Google has released what it calls a new “inference” AI model. However, this is still in the experimental stage and from our quick testing, there is certainly room for improvement.
The new model, called Gemini 2.0 Flash Thinking Experimental (a mouthful, to be sure), is available in AI Studio, Google's AI prototyping platform. The model card describes it as being “ideal for multimodal understanding, reasoning, and coding” and capable of “reasoning through the most complex problems” in fields such as programming, mathematics, and physics.
In a post on X, AI Studio product lead Logan Kilpatrick calls the Gemini 2.0 Flash Thinking Experimental a “first step.” [Google’s] A Journey of Deduction.” Jeff Dean, principal scientist at Google DeepMind, Google's AI research arm, said in his post that the Gemini 2.0 Flash Thinking Experimental is “trained to use thinking to enhance inference. ” he said.
“Increasing the amount of computation in inference time yields promising results,” Dean said, referring to the amount of computation used to “run” the model when considering questions.
This is still an early version, but check out how the model handles difficult puzzles that include both visual and text clues: (2/3) pic.twitter.com/JltHeK7Fo7
— Logan Kilpatrick (@OfficialLoganK) December 19, 2024
Built on Google's recently announced Gemini 2.0 Flash model, the Gemini 2.0 Flash Thinking Experimental appears to be similar in design to OpenAI's o1 and other so-called inference models.
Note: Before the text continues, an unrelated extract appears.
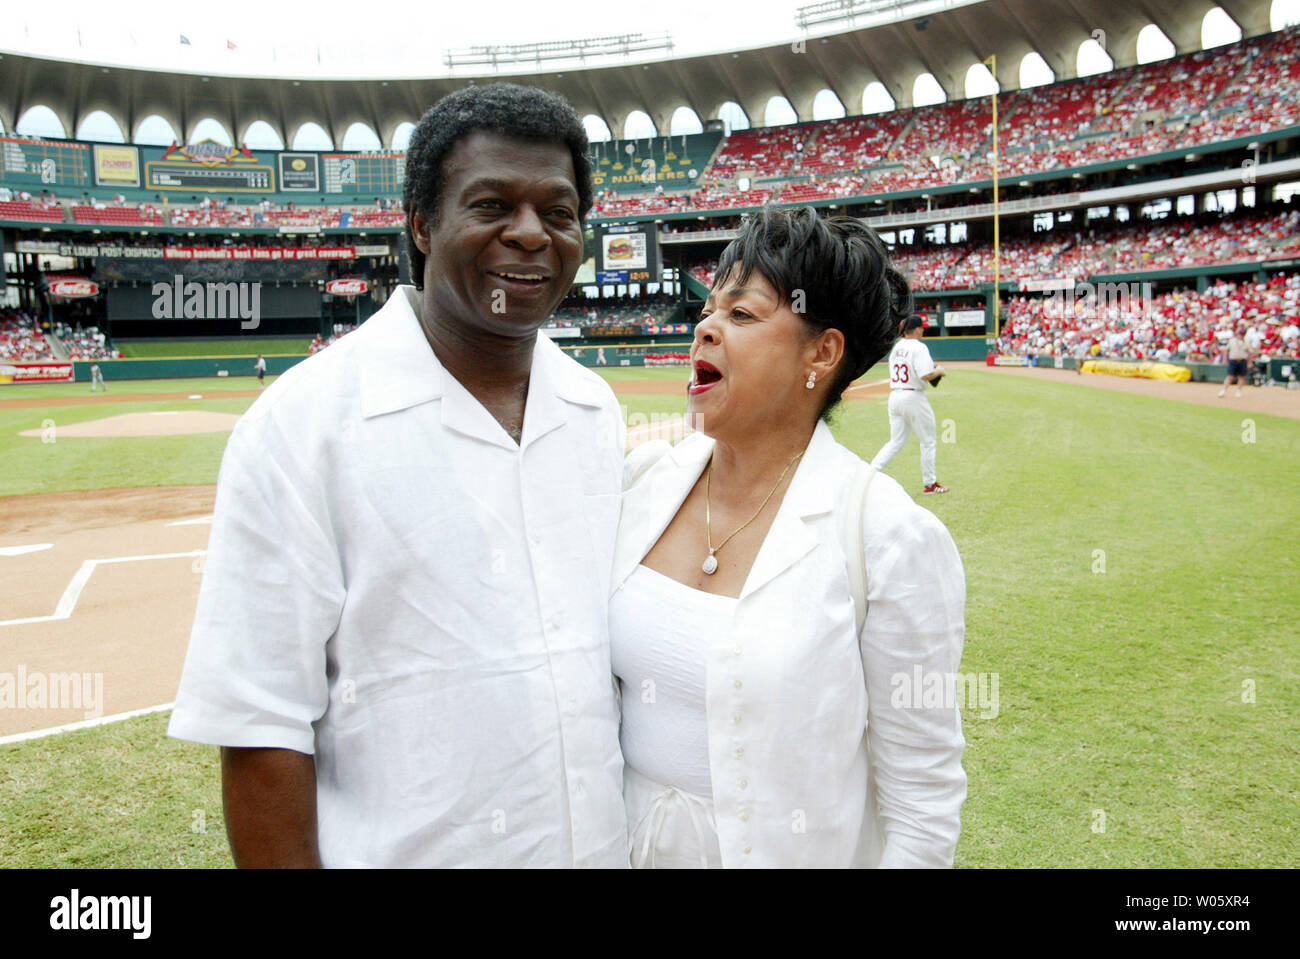 Baseball Hall of Famer and former St. Louis Cardinals great Lou Brock and  his wife Jackie talk to fans on the field before a game between the  Cardinals and the Boston Red

Unlike most AI, inferential models effectively fact-check, allowing them to avoid some of the pitfalls that typically stumble AI models.
On the downside, inference models often take longer to arrive at a solution, typically seconds to minutes longer.
When given a prompt, Gemini 2.0 Flash Thinking Experimental pauses before responding and considers a number of related prompts, “explaining” its reasons along the way. After a while, the model will summarize what it considers to be the most accurate answer.
Well, that's what should happen. When I asked Gemini 2.0 Flash Thinking Experimental how many R's there were in the word “strawberry”, it answered “two”.
Google's new inference model can sometimes have a hard time counting the letters in words. Image credit: Google
Your mileage may vary.
The release of o1 led to an explosion of inference models from Google as well as rival AI labs. In early November, DeepSeek, an AI research company funded by quantitative traders, began previewing its first inference model, DeepSeek-R1. In the same month, Alibaba's Qwen team announced what it claimed was the first “open” challenger to o1.
Bloomberg reported in October that Google has multiple teams developing inference models. Then, in November, The Information reported that the company had at least 200 researchers specializing in the technology.
What opened the floodgates for inference models? One of them was the exploration of new approaches to improving generative AI. As my colleague Max Zeff recently reported, “brute force” methods of scaling up models no longer yield the improvements they once did.
Not everyone is convinced that inferential models are the best way to go. For example, they require a lot of computing power to run, so they tend to be expensive. So far, it has shown good performance in benchmarks, but it remains to be seen whether the inference model can maintain this rate of progress.